Overall, these findings make it difficult to understand whether operational and/or tactical adjustment to stimuli errors can indicate driving performance impairment in drivers with MS; and whether such errors can be detected in suburban and/or urban environments of a simulated scenario. Understanding if such simulated maneuvers, errors, and environments can detect driving performance impairment in drivers with MS may help develop targeted driving simulator assessments that may be used to inform fitness to drive decisions.
1.7.3 Feasibility of Utilizing Clinical Tests to Detect Driving Simulator Performance
Third, the feasibility of utilizing clinical tests to detect driving simulator performance in drivers with MS is not well studied. Feasibility is important for understanding the advantages, challenges, practicability, and capability of implementing a study based on participant recruitment methods, data collection procedures, outcome measures,
participants’ acceptability and suitability of testing procedures, resources required to manage and implement the study, and preliminary test results (Orsmond & Cohn, 2015).
Based on the existing literature, little is understood about challenges with recruitment (e.g., low recruitment rates), data collection procedures and outcome measures (e.g., simulator malfunctions), participants’ acceptability (e.g., perceptions on simulator’s usefulness or usability) or suitability toward the driving simulator (e.g., occurrence of SAS), or the resources and management required to implement the study (e.g., costs).
Determining the feasibility may provide insight to the challenges of driving simulator assessments for drivers with MS, including confounding variables that may affect driving performance such as the occurrence of SAS.

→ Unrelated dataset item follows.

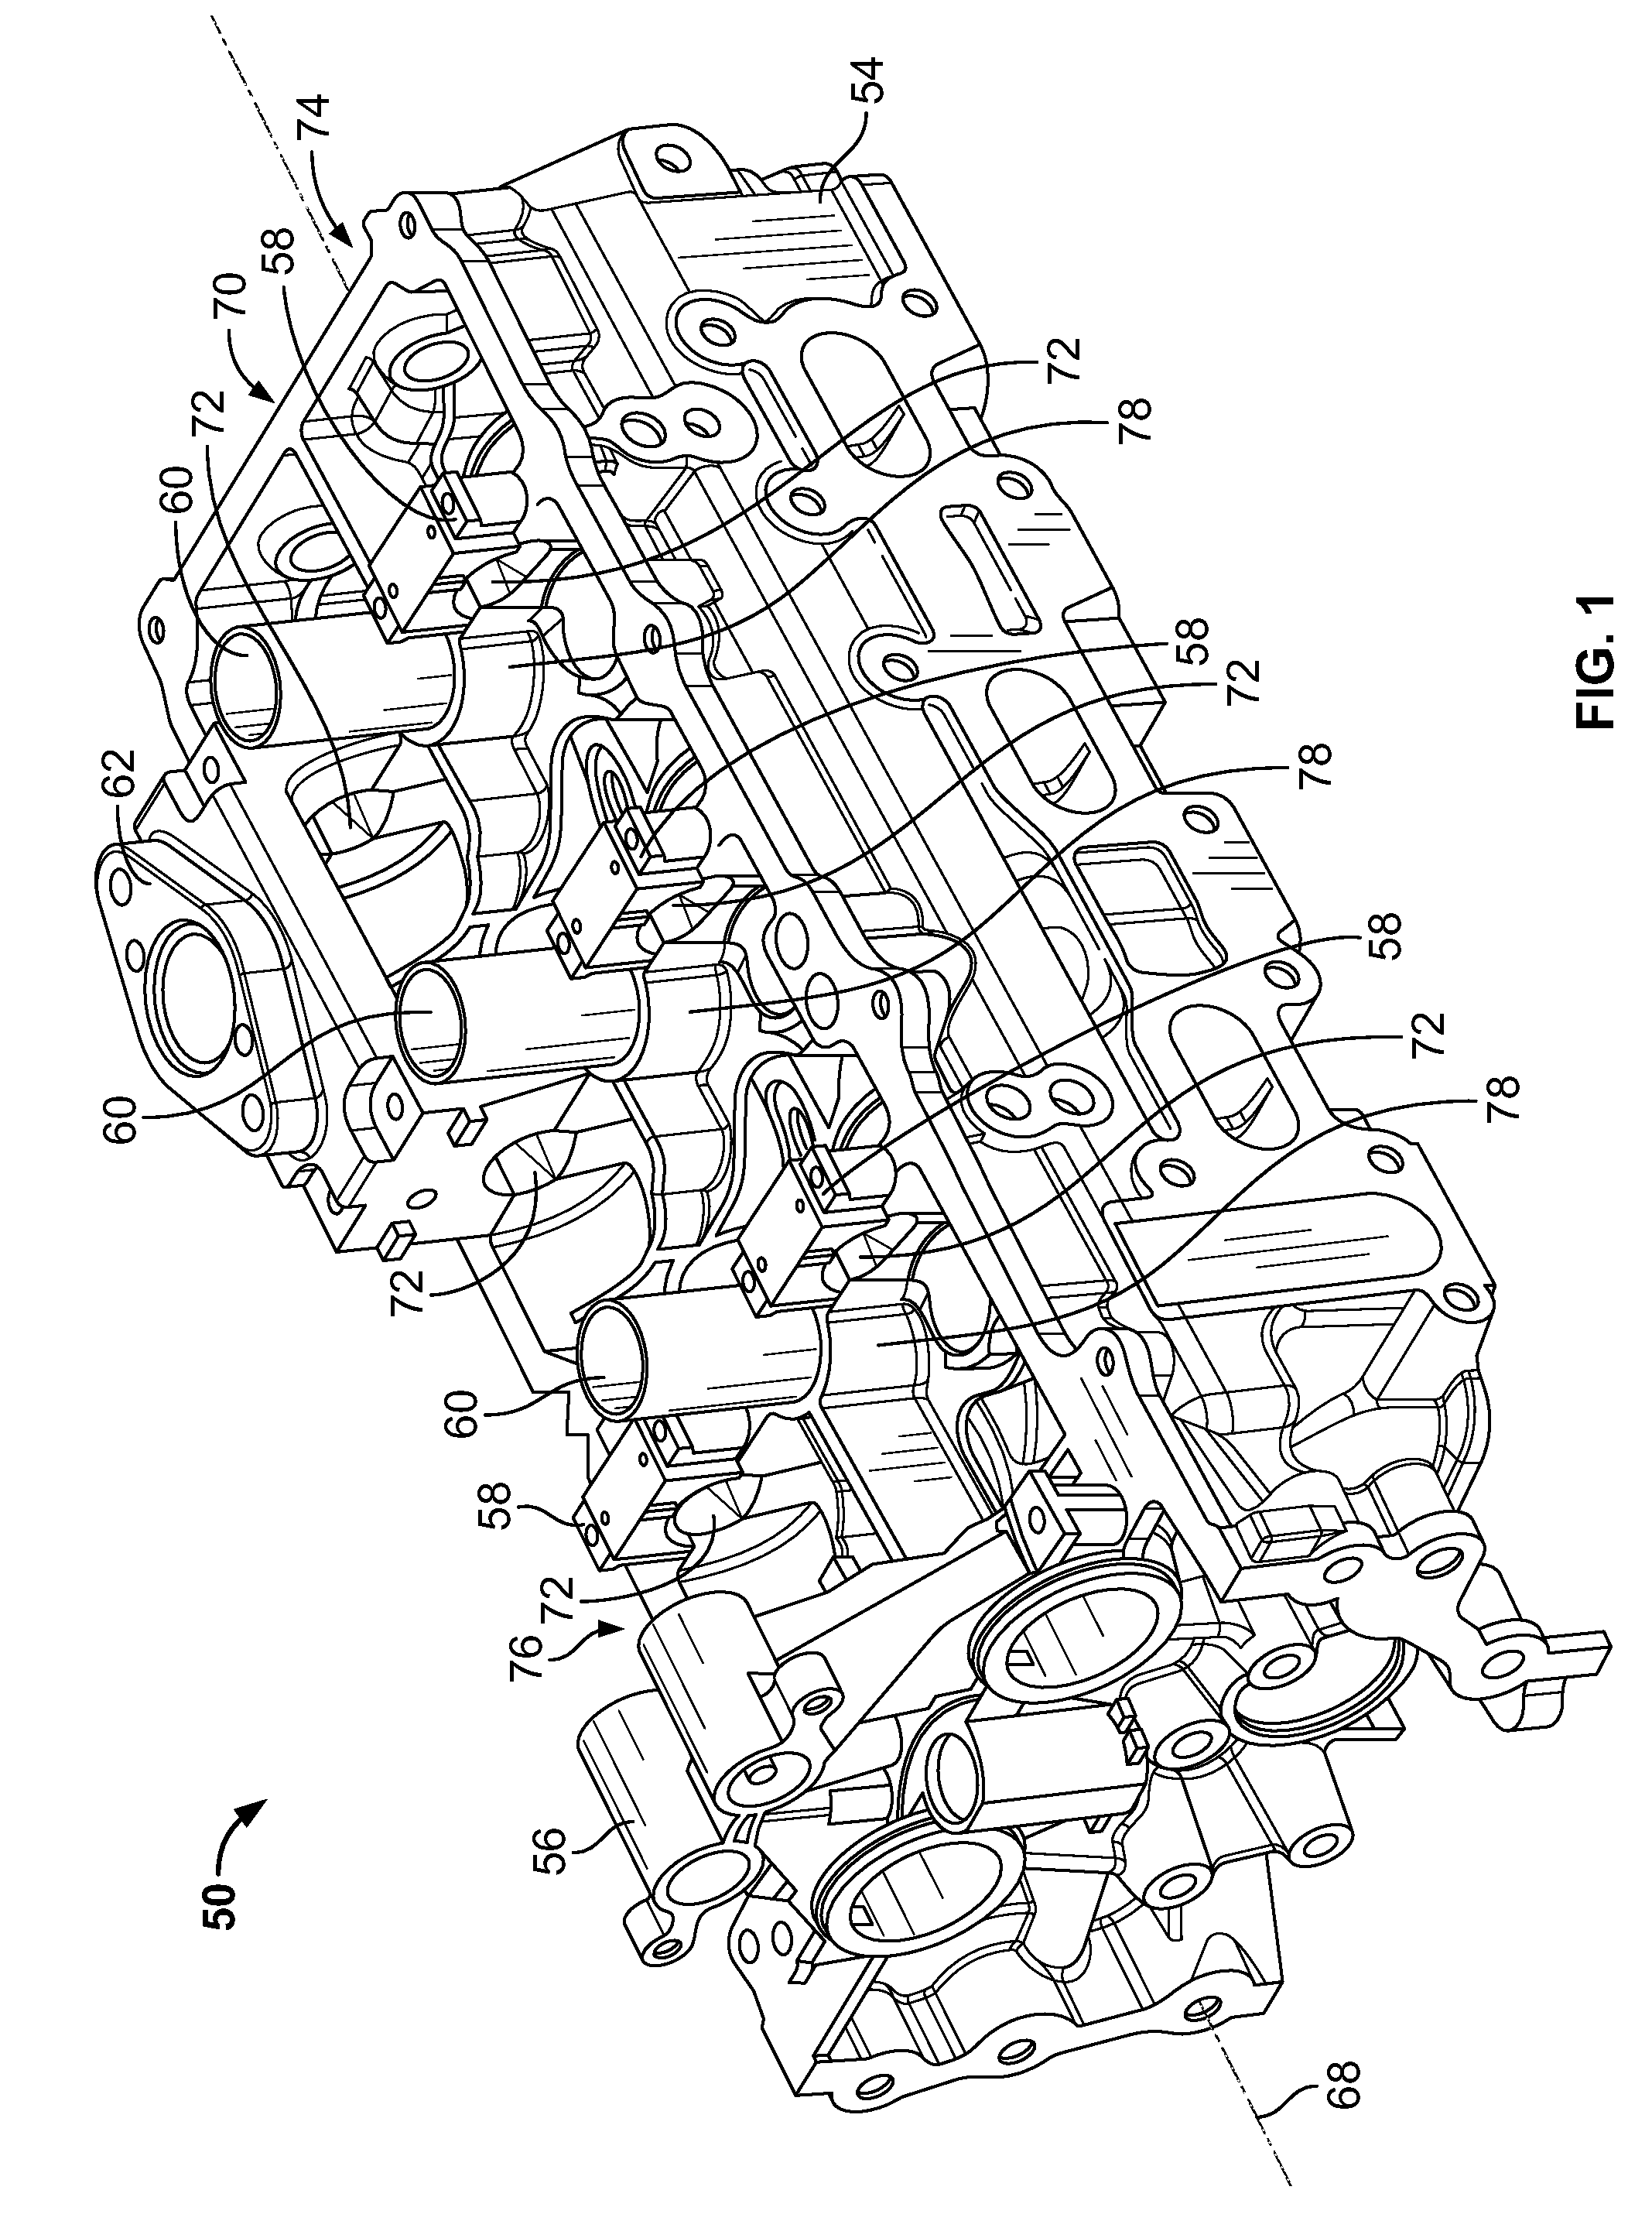 Upper cylinder head housing for use with an engine and method of making the same
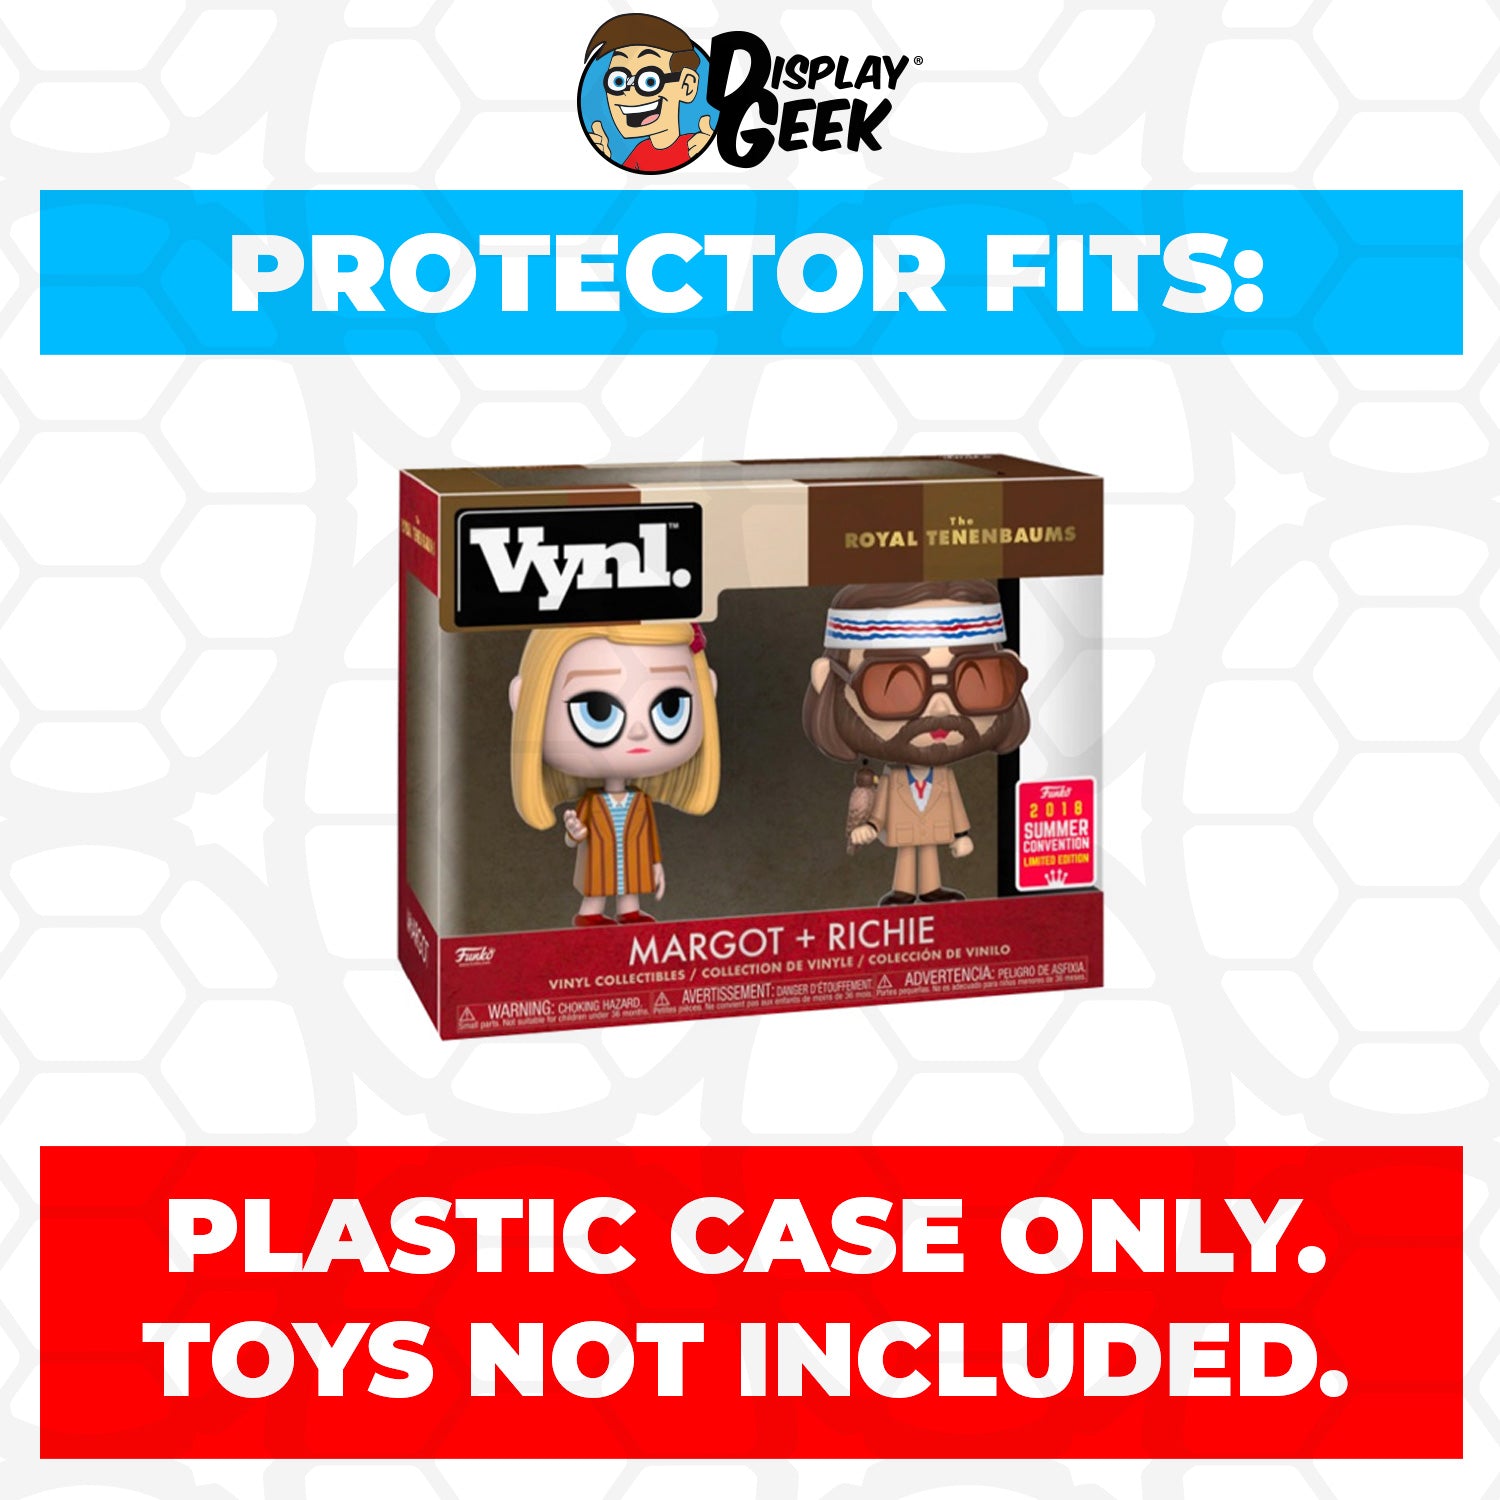 Pop Protector for Vynl 2 Pack Margot & Richie SDCC Funko - PPG Pop Protector Guide Search Created by Display Geek

1.8 Dissertation Rationale
The rationale for this study derives from three fronts. First, because the feasibility of utilizing clinical tests to indicate driving simulator performance in drivers with MS is not well studied, little is understood about the challenges associated with driving studies or driving simulators that can impact participation and adherence rates, complete data collection, and test results. Accordingly, this dissertation will examine this gap in the literature. Understanding the feasibility of the study will indicate the advantages, challenges, practicability, and capability of factors that may impact study findings and whether to execute a full-scale study.
Second, the inconsistency between on-road and driving simulator study findings for which visual and cognitive impairment can indicate driving performance deficits
identifies the need to determine whether the same clinical tests found to underlie on-road driving performance can also underlie driving performance on a driving simulator.
Understanding this gap in the literature may provide insight to whether driving simulator assessments may be used as a substitute to assess fitness to drive in people with MS.
Third, the inconsistency between on-road and driving simulator study findings for which driving maneuvers, environments, and errors can detect driving performance impairment in drivers with MS make it difficult to understand if such errors can be detected on a driving simulator. Understanding whether operational and/or tactical adjustment to stimuli errors in suburban and/or urban environments can indicate driving simulator performance impairment in drivers with MS may guide fitness to drive decision-making.